How to prove $\delta(kx) = \frac{\delta(x)}{|k|}$ by using properties of a test function.

Question

So, I have a Fourier analisys course right now and got a problem to solve. Here's how it sounds

Given that $\delta(x)$ is a Dirac delta function, $\phi(x)$ is a test function, by using properties of a test function prove that $\delta(kx) = \frac{\delta(x)}{|k|}$. (Hint: $\langle \delta(x), \phi(x) \rangle = \phi(0)$)

And, here's how I tried to prove that. I assumed that hint is not for nothing there, so I decided that it should be a decent place to start.

$$ \langle \delta(x), \phi(x) \rangle = \phi(0) $$ $$ \langle \delta(kx), \phi(kx) \rangle = \phi(0) $$ $$ \int_{-\infty}^{\infty} \delta(kx) \phi(kx) d(kx) = \phi(0) $$ $$ u = kx \implies du = d(kx) = kdx $$ $$ \int_{-\infty}^{\infty} k \delta(kx) \phi(kx) dx = \phi(0) $$ $$ \int_{-\infty}^{\infty} \delta(kx) \phi(kx) dx = \frac{\phi(0)}{k} $$ And... I am not sure what exactly I achieved here. $ \delta(kx) $ is still $ \delta(kx) $, so I assume I made no progress by going this way, and starting with a hint was not a good idea. So I started over with a slightly different approach.
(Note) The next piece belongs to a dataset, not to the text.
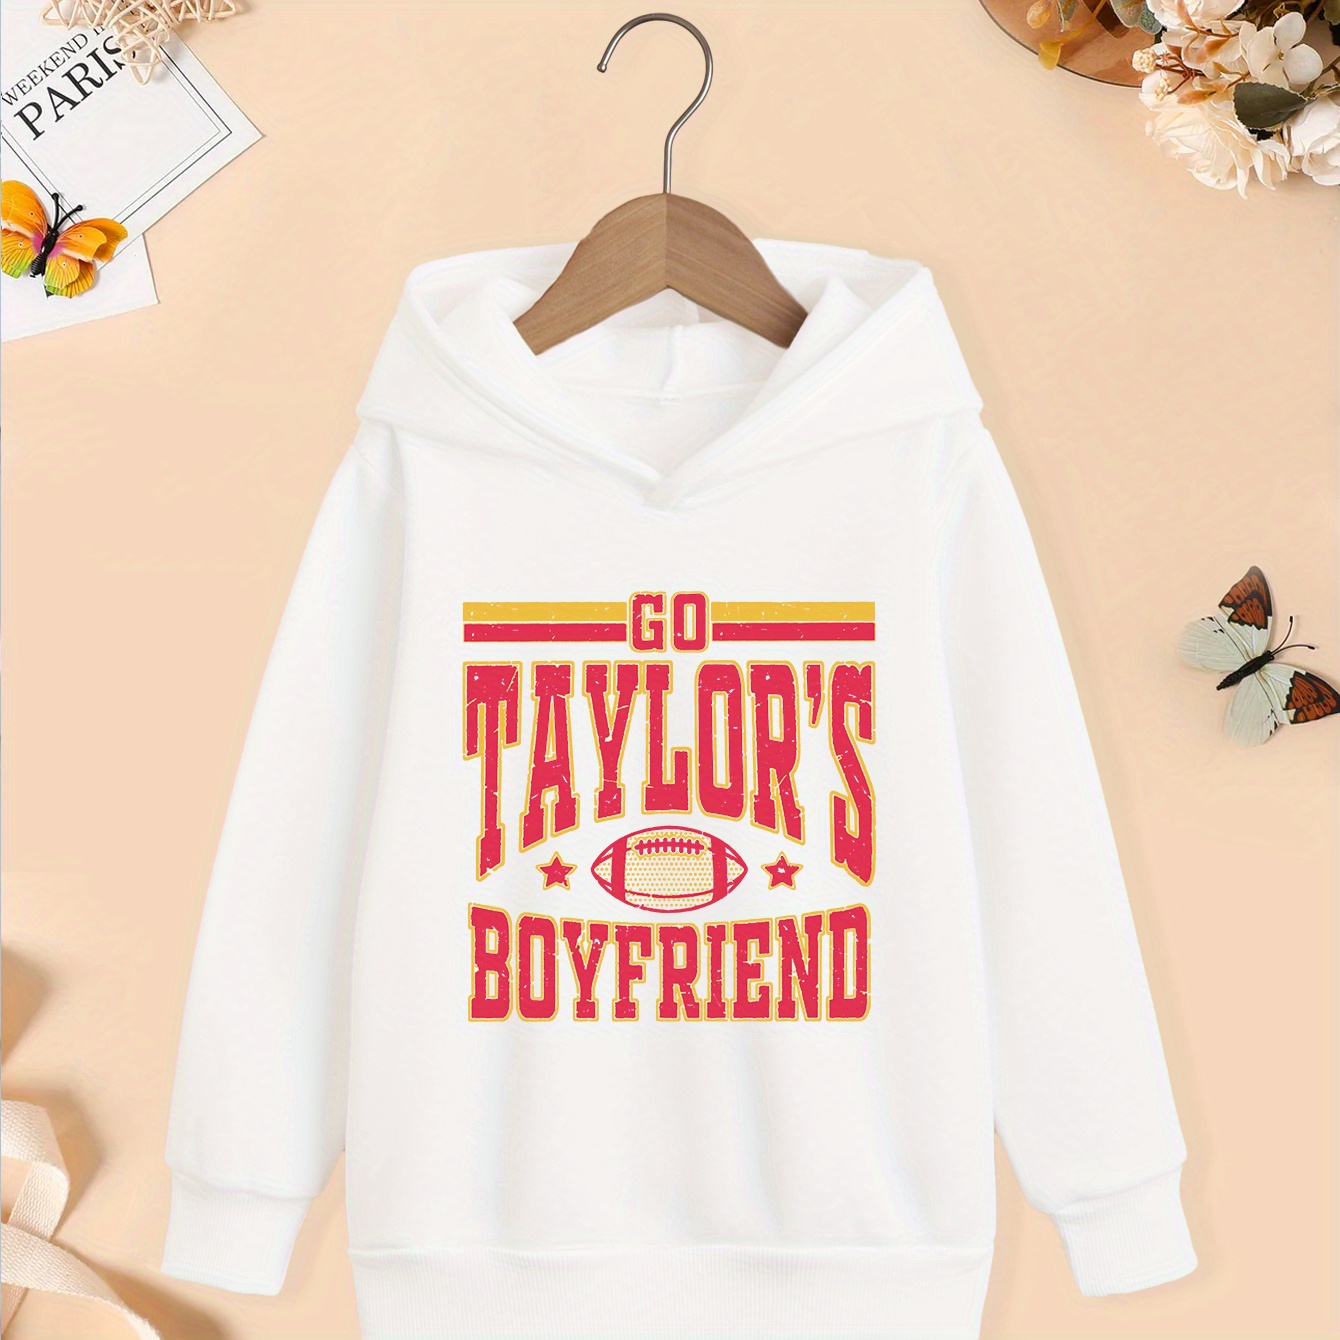 

Go Boyfriend Rugby Football Design Print, Girl's Fashion Cozy Hoodies, Casual Long Sleeve Pullover Hoodies For Autumn And Winter

$$ \langle \delta(kx), \phi(x) \rangle = $$ $$ = \int_{-\infty}^{\infty} \delta(kx) \phi(x) dx = * $$ $$ u = kx \implies du = kdx $$ $$ * = \int_{-\infty}^{\infty} \frac{1}{k} \delta(u) \phi(\frac{u}{k}) du = ??? $$ A-a-and, I'm in another dead end again. I feel that I need to somehow utilize the hint $\langle \delta(x), \phi(x) \rangle = \phi(0)$ and it should somehow lead me to $ \int_{-\infty}^{\infty} \frac{1}{k} \delta(u) \phi(\frac{u}{k}) du = \frac{\phi(0)}{k} $ which I'm not even sure is true or not, but even if it is, it still does not put me any closer to the statement I need to prove and absolutely does not use any properties of a test function.

I understand that this question is probably a duplicate, and I already checked a lot of answers like this one, but, sadly, they don't really help with my problem because they don't use the definition and properties of a test function, but the definition of a Dirac delta itself, which I believe is not what this question about. Or they actually do, but I can not understand in what way.

So, please, I clearly do not understand something about the question and would be very thankful if someone helped me solve this problem.

Answer 1

Yes, this is a chronically possibly-counterintuitive aspect of $\delta$. But there is a two-fold way to understand it.

First, somewhat the intention of $\delta$, is as some kind of function on $\mathbb R$ (for example) that "can be integrated against" very nice functions $\varphi$, and $\int \delta(x)f(x)dx=f(0)$. Whether or not this is literally correct/rigorous, it certainly suggests the heuristic that, for $k>0$, $$ \int \delta(kx)\,f(x)\;dx \;=\; \int \delta(x)\,f(x/k)\;d(x/k) \;=\; {1\over k} \int \delta(x)\,f(x/k)\;dx \;=\; {1\over k} f(0/k) \;=\; {1\over k}f(0) $$ (Yes, there is a little fooling around to see that it's $|k|$ for $k<0$, and not just $k$, but this is a subsidiary point... $\delta$ is even...)

A disquieting aspect of that argument is that $\delta$ is not literally a function, and that integral cannot be literal. But the heuristic is what we want to be correct. The change of variables is certainly correct for any even function in place of $\delta$... and we do want $\delta$ to be some kind of limit of classical, nice functions, so we insist that the conclusion is correct (for consistency with classical functions, and expressing $\delta$ as a weak limit of them!).

So, second, on $\mathbb R^n$ (just to see where the dimension enters), we define the dilation $u(kx)$ with $k>0$ of a distribution $u$ (even though it's not a pointwise-valued function... so writing this as though $u$ had an argument is misleading) for $k>0$ by $u(kx)(f)=k^{-n}u(f(x/k))$. More precisely, letting $T_ku$ be that dilation, without mentioning pointwise values, $(T_ku)(f)=k^{-n}\cdot u(T_{k^{-1}}f)$.